Still, Aboriginal people are overrepresented in incarceration rates, as pointed out in a report in January by Correctional Investigator of Canada Howard Sapers, the country’s prison ombudsman. More than a quarter of inmates — 3,723 — in Canadian prisons are of Aboriginal ancestry.

Never, Woods said, does he recall Vancouver consciously targeting Aboriginal people or anyone for that matter solely because of their race. It was never mentioned or discussed when he was with the department.

“Certainly, there was lots of talk about trying to improve relationships after the Frank Paul case and other things like that,” he said, noting race-based complaints lodged against police are rare in B.C. “But nothing has come to our attention in the Aboriginal community that would suggest that there’s some systemic problem with the way the police are dealing with them.”
 

‘A different world’  

In June of this year, Mayor Gregor Robertson and members of the police board chose to hold their monthly meeting at the Musqueam Cultural Centre on the band’s reserve in southwest Vancouver.

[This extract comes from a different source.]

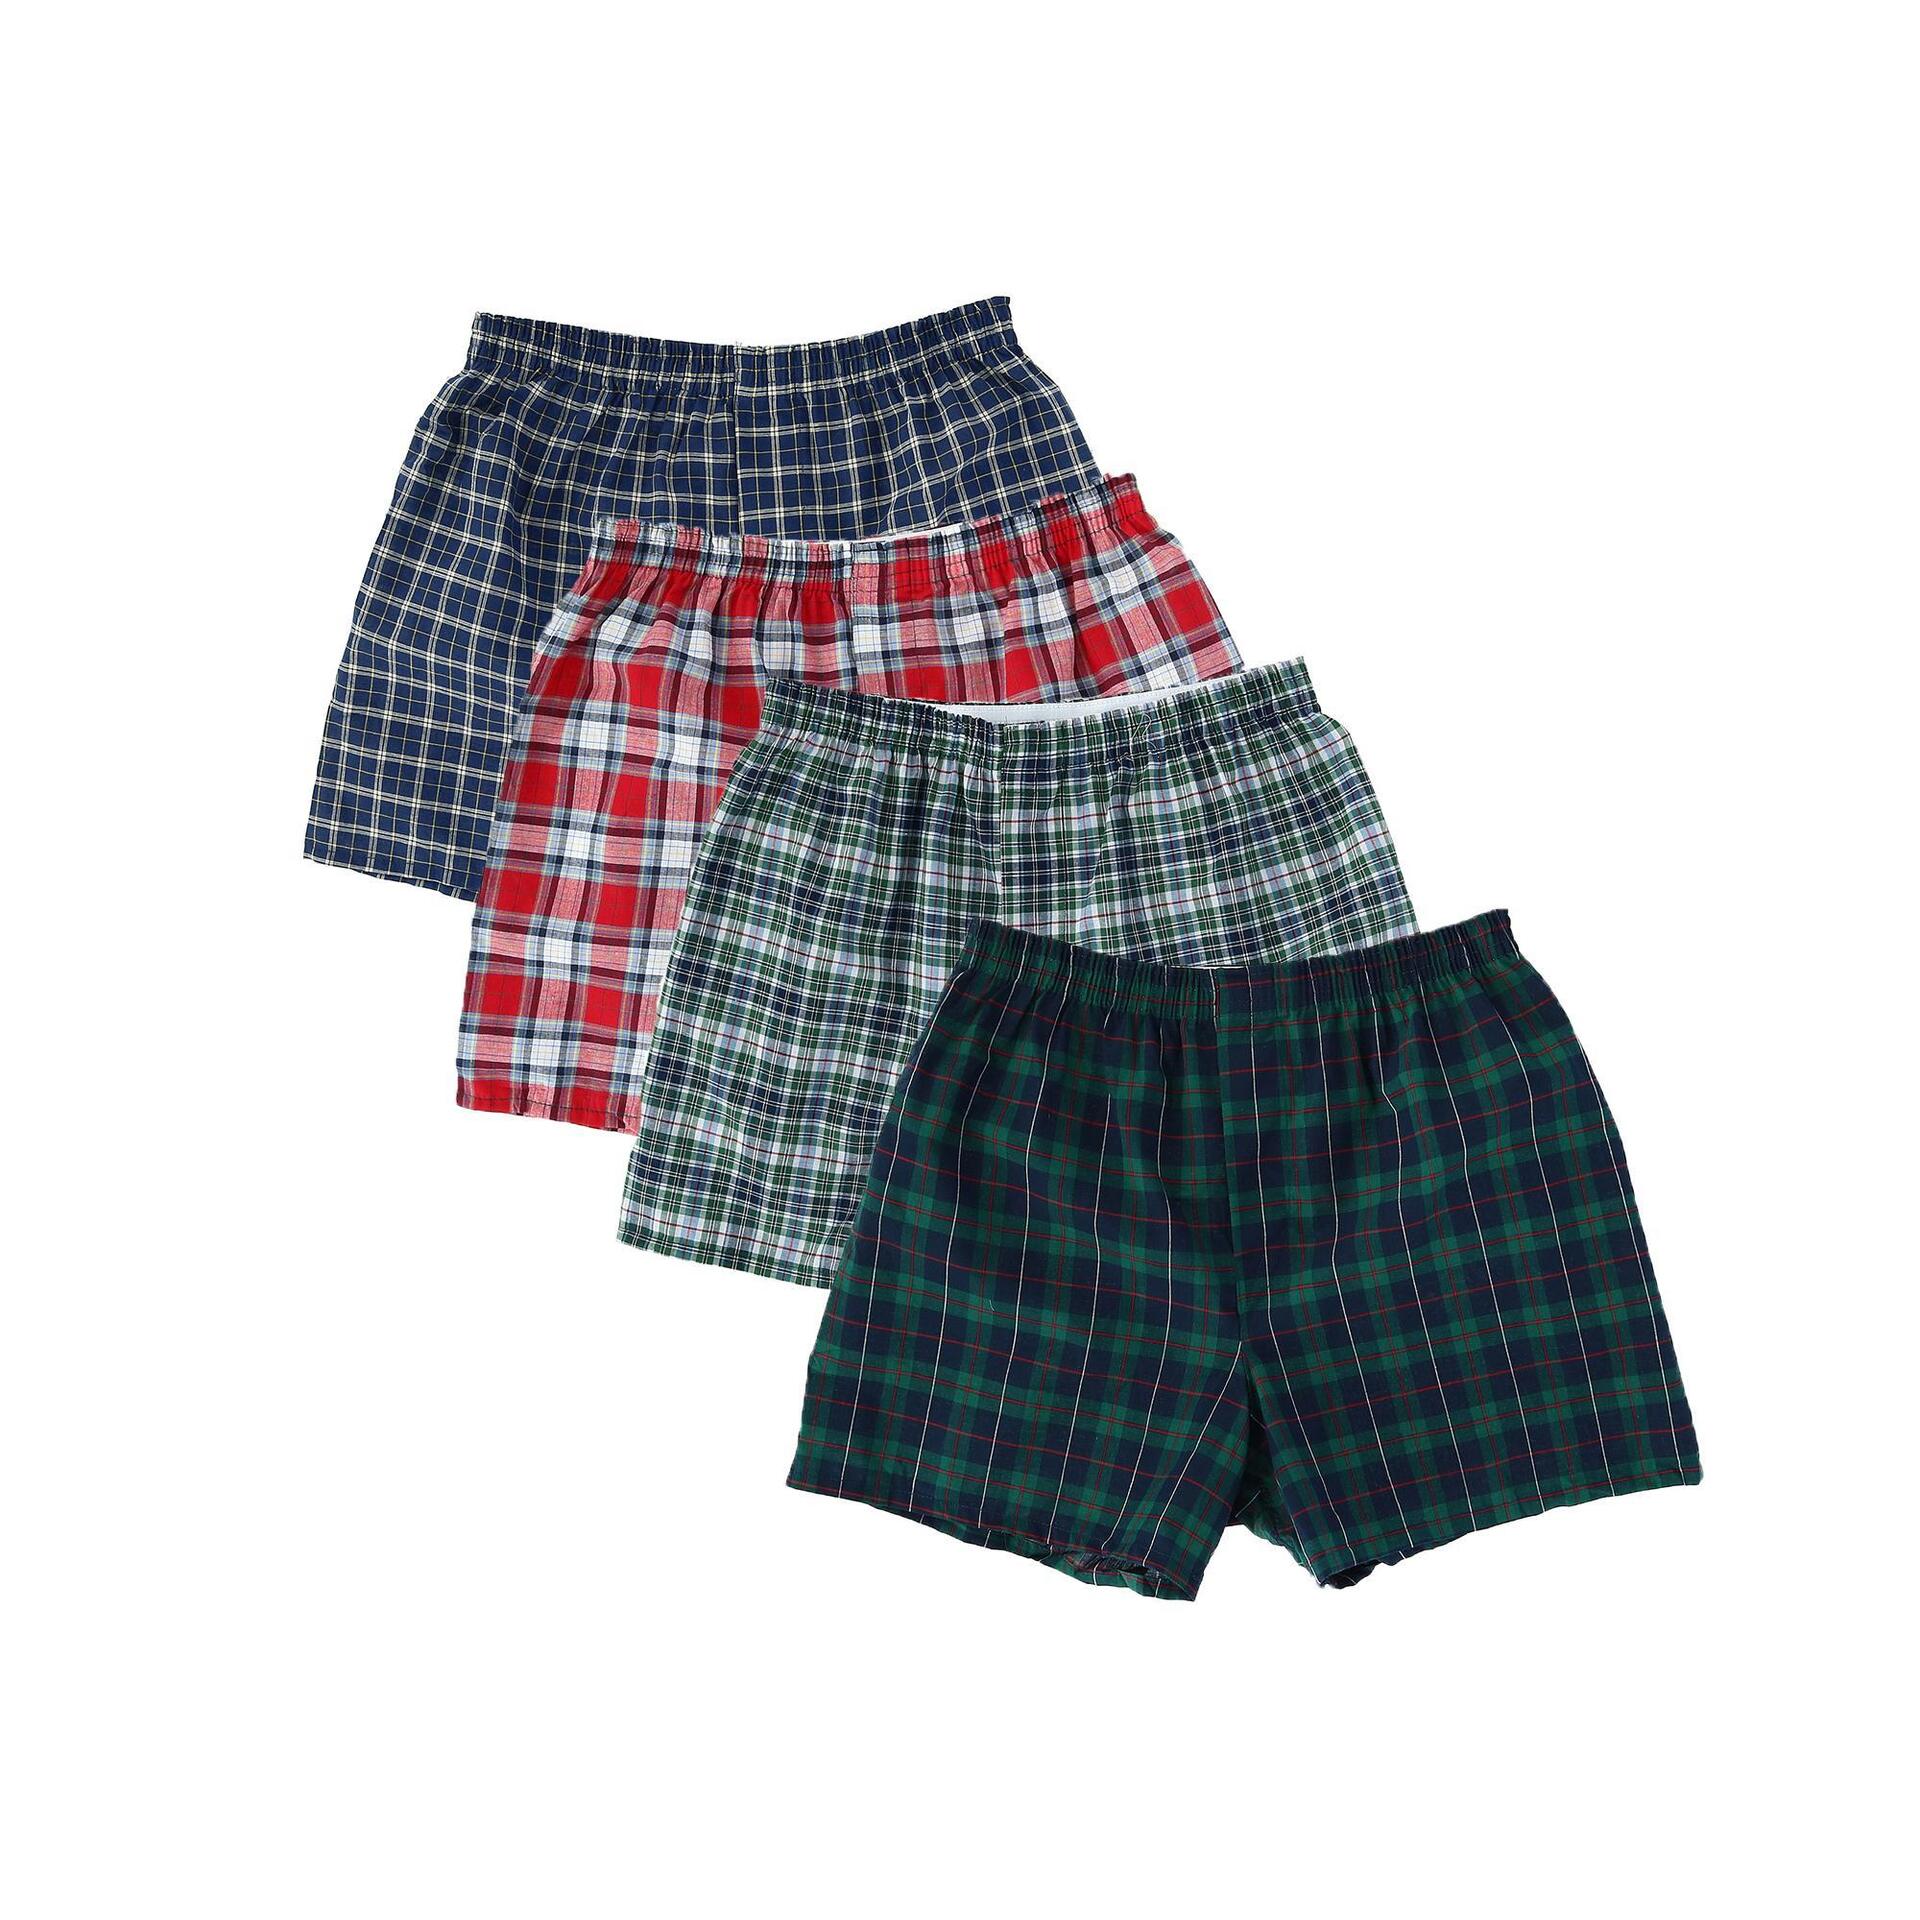 Fruit of the Loom Men's Big and Tall Woven Boxer Underwear (4 Pack) -

Robertson, who doubles as chairperson of the board, sat next to Palmer and listened as Aboriginal officers talked about the work they were doing at Musqueam and across the city.

He heard from Insp. Marcie Flamand, who is Metis and talked about how a former member of VPD’s aboriginal cadet program, Desiree Craig, is now a VPD officer.

He heard from Const. Rick Lavallee, who is Cree and talked about organizing cultural sensitivity training for 500 officers, civilians and community volunteers.

And he heard from Hanuse, who talked about “sharing some tears” with recruits as he told his story about his childhood and the intergenerational effects of the residential school system.

The mayor said during a break in the meeting that he liked what he heard and was seeing as the city continues to aim to be a better place for Aboriginal people.

“The sensitivity is much more real,” Robertson said. “We’re in a different world now from the days of Frank Paul and missing and murdered women. At city hall, we’re focused on living up to our commitment to be a city of reconciliation and that includes all functions of the city, including policing. It doesn’t happen overnight and there are going to be curves in the road, but I’d say we’ve come a long way since the turbulent days of a decade ago.”